Российские медики о своих коллегах, умерших при спасении больных от коронавируса
Коронавирусом в России с начала эпидемии заразились уже более 134 тысяч человек, причем всего пару недель назад заболевших было только 50 тысяч. Неизбежно заболевают медработники, и не всем из них удается победить болезнь. Российские врачи создали сайт со «Списком памяти», где собирают сведения о погибших во время пандемии докторах, медсестрах, санитарках, лаборантах и других медицинских работниках. Как поясняют создатели проекта, задача «Списка» — сохранить память о коллегах, а не вести правильную статистику. Сейчас в перечне больше 80 фамилий. Самому старшему — 81 год, самому молодому — 30. «Лента.ру» поговорила с одним из инициаторов проекта, модератором группы в Facebook «Неотложные состояния», московским кардиологом Алексеем Эрлихом. Мы публикуем истории умерших врачей.
«Лента.ру»: Как появилась идея создать «Список памяти»?
Алексей Эрлих: Мы видим, что многие наши коллеги болеют, многие погибают. И нет никаких попыток ни посчитать, ни узнать более подробно, что происходит.

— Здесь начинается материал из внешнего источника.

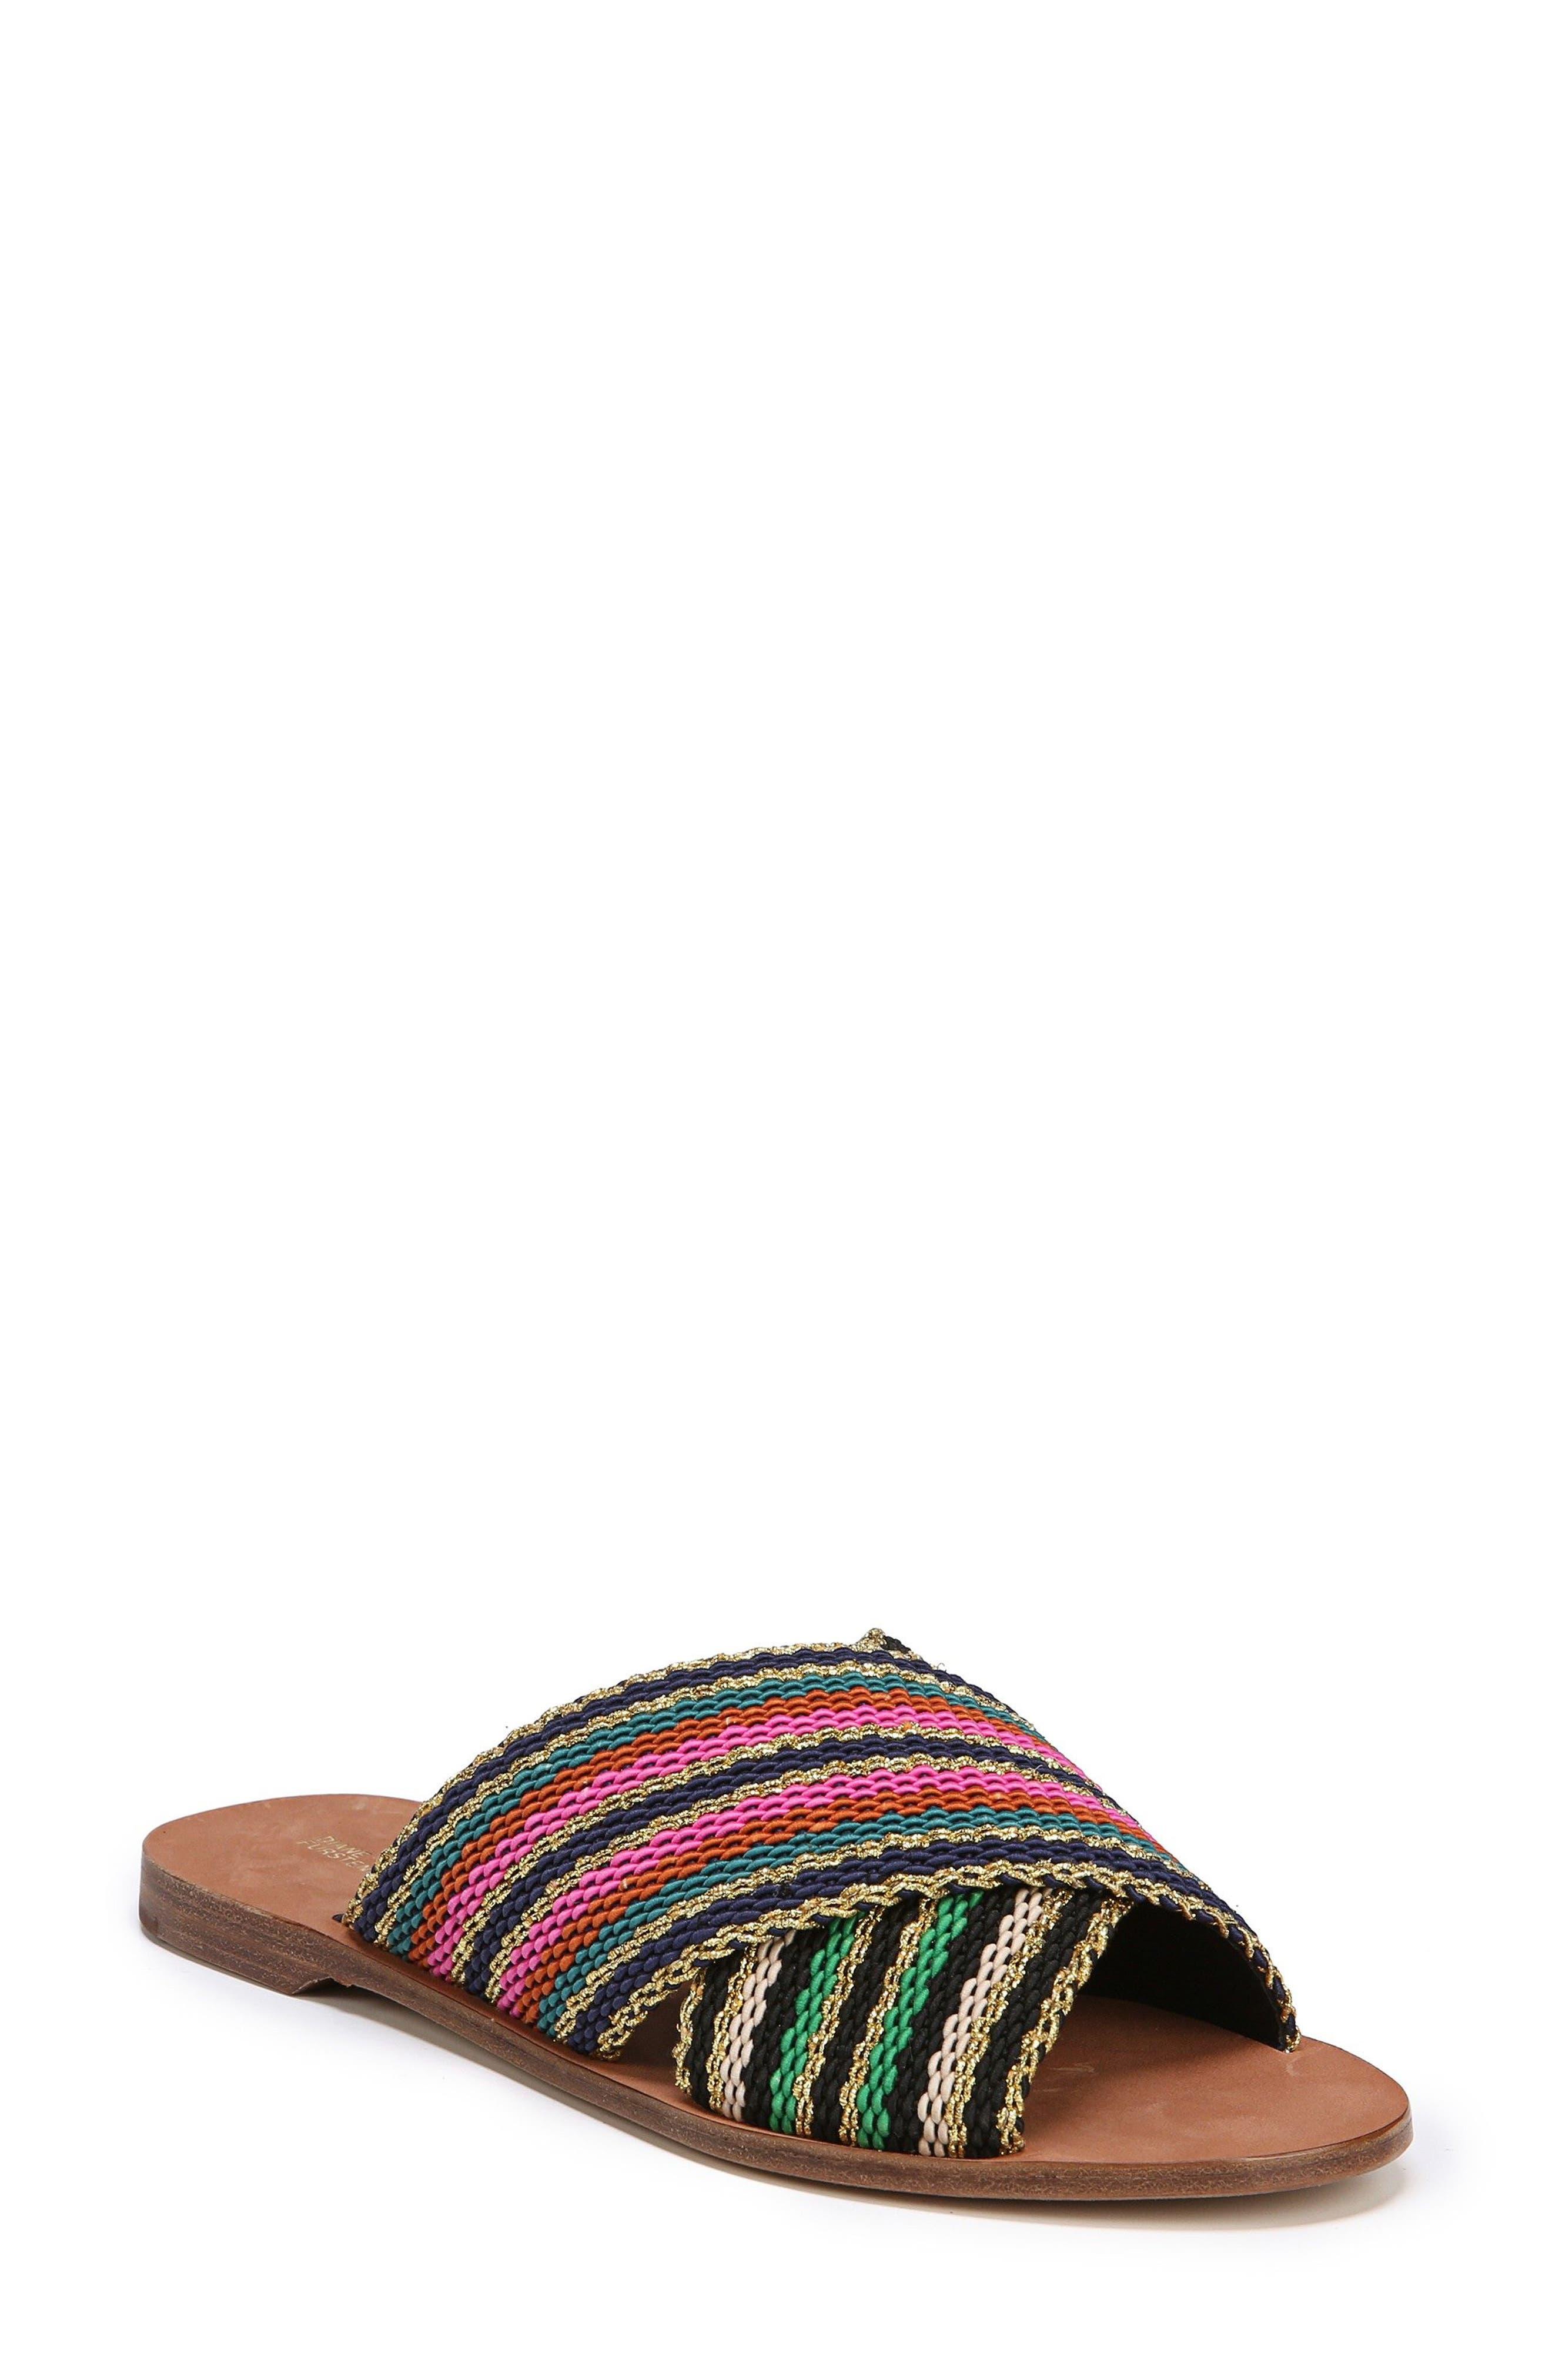 Cindi Woven Slide Sandal,                             Main thumbnail 1, color,                             Black/ Gold

Поэтому появилась идея это сделать.
У всех нас есть заболевшие коллеги. Понятно, что риск заболеть есть у всех людей. Но у медиков он значительно выше, просто потому, что они ежедневно сталкиваются с коронавирусом.
Одно из самых опасных воздействий вируса называется «disrupting to medical staffing», то есть «перебои с медицинским персоналом» — заболевания медиков, из-за которых не может полноценно работать вся организация медицинской помощи. Выбывают и отдельные сотрудники, и отделения, и целые больницы.

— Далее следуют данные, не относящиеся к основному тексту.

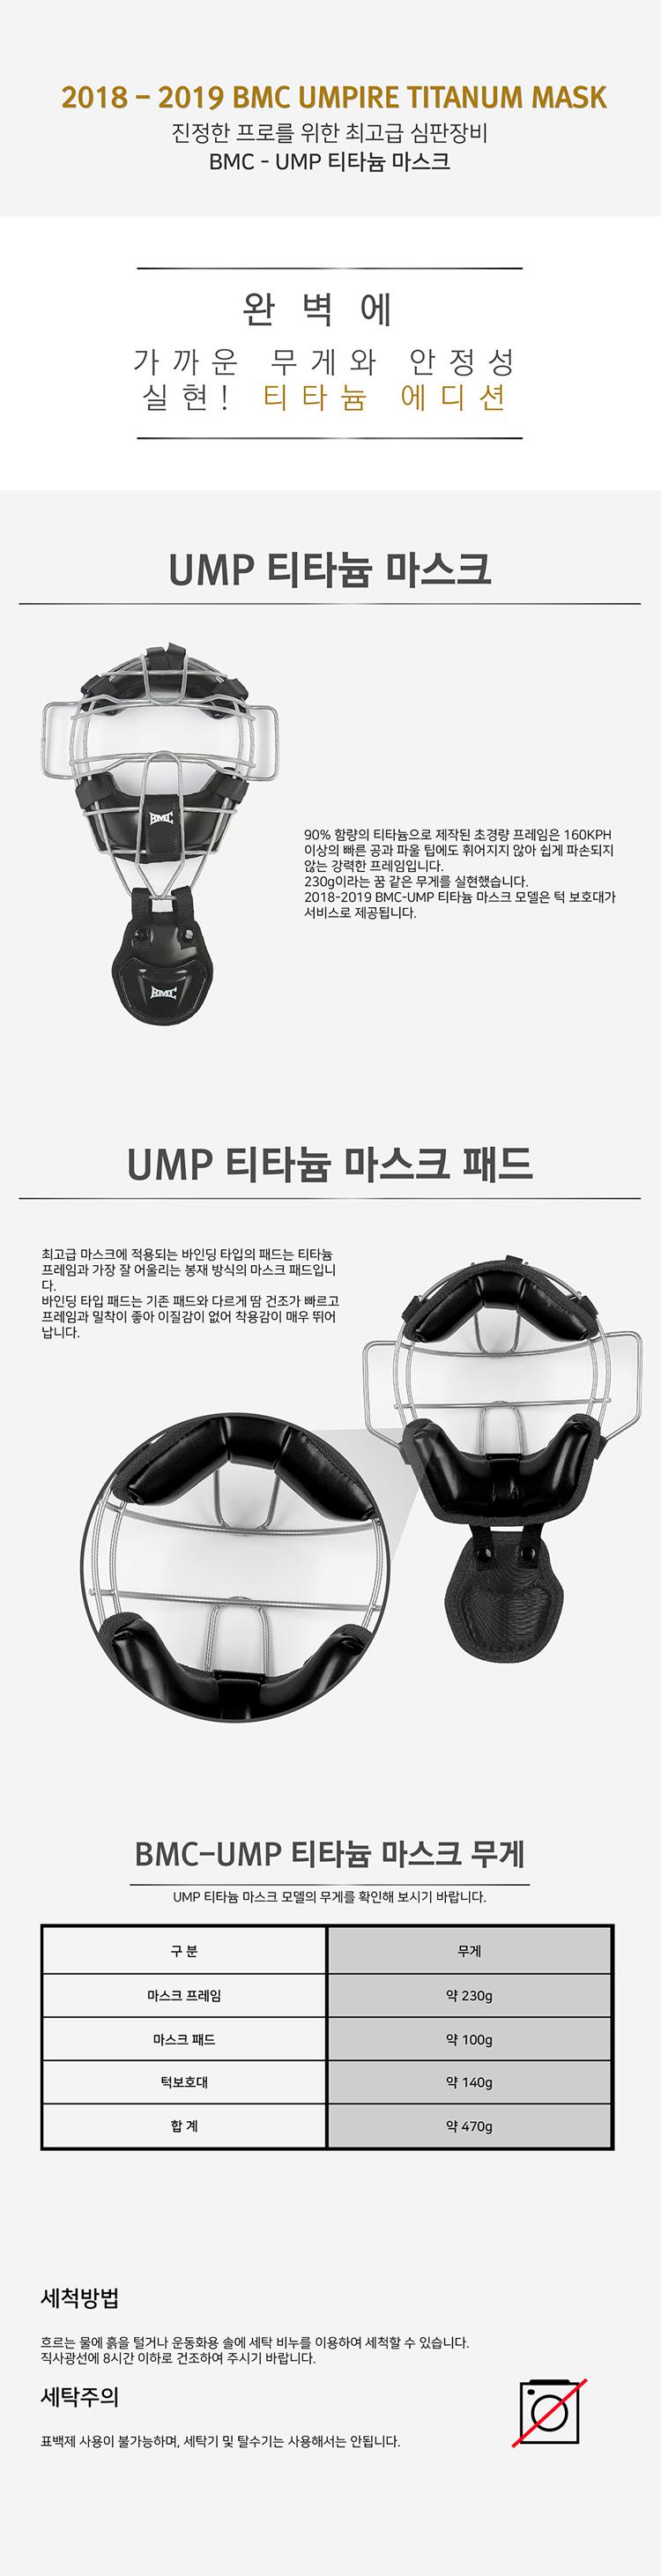 UMP-MASK.jpg

Траурный список почти каждый день пополняется. Сейчас в нем больше 80 человек. Если сравнивать с другими странами — это много?
Сложно ответить на этот вопрос. Но кажется, что это больше, чем в других странах в относительных цифрах. Вопрос «много или мало погибших» — неэтичный.
Некоторые регионы, в частности Санкт-Петербург, ознакомившись со списком, уже сказали, что там есть медицинские работники, умершие вовсе не от ковида.
Ну выступили и выступили, что ж поделать, это даже можно и не комментировать. Что касается Санкт-Петербурга, то как минимум про одну больницу я точно знаю, где просто запрещают проводить тесты на инфицирование ковидом медработникам. Как вы думаете, они умрут от коронавируса или нет? У нас давно некоторые начальники привыкли играть со статистикой так, как им выгодно. Наверное, продолжают это делать и сейчас.
Почему погибают доктора?
Я думаю, что там может быть много факторов. Это может быть не только отсутствие должной защиты [спецкостюмы и маски], но и еще не в полной мере правильно организованная сортировка пациентов. Особенно в тех больницах, которые не считаются коронавирусными, то есть не переоборудованными для лечения больных с ковидом.
В этих больницах персонал особенно не защищен и, как мне кажется, подвергается гораздо большему риску заражения в силу того, что там перемешаны пациенты, неизвестно чем болеющие, в том числе туда все время залетают пациенты с позитивными ковид-тестами. Так было и у меня в больнице, пока она не была перепрофилирована. К нам регулярно попадали ковид-позитивные пациенты.
Насколько я знаю, вы также заразились?
Мое отделение уже вторую неделю не работает — на карантине. Более 30 процентов сотрудников заболели или оказались ковид-плюс.
Как вы себя чувствуете? Лечитесь по протоколам Минздрава?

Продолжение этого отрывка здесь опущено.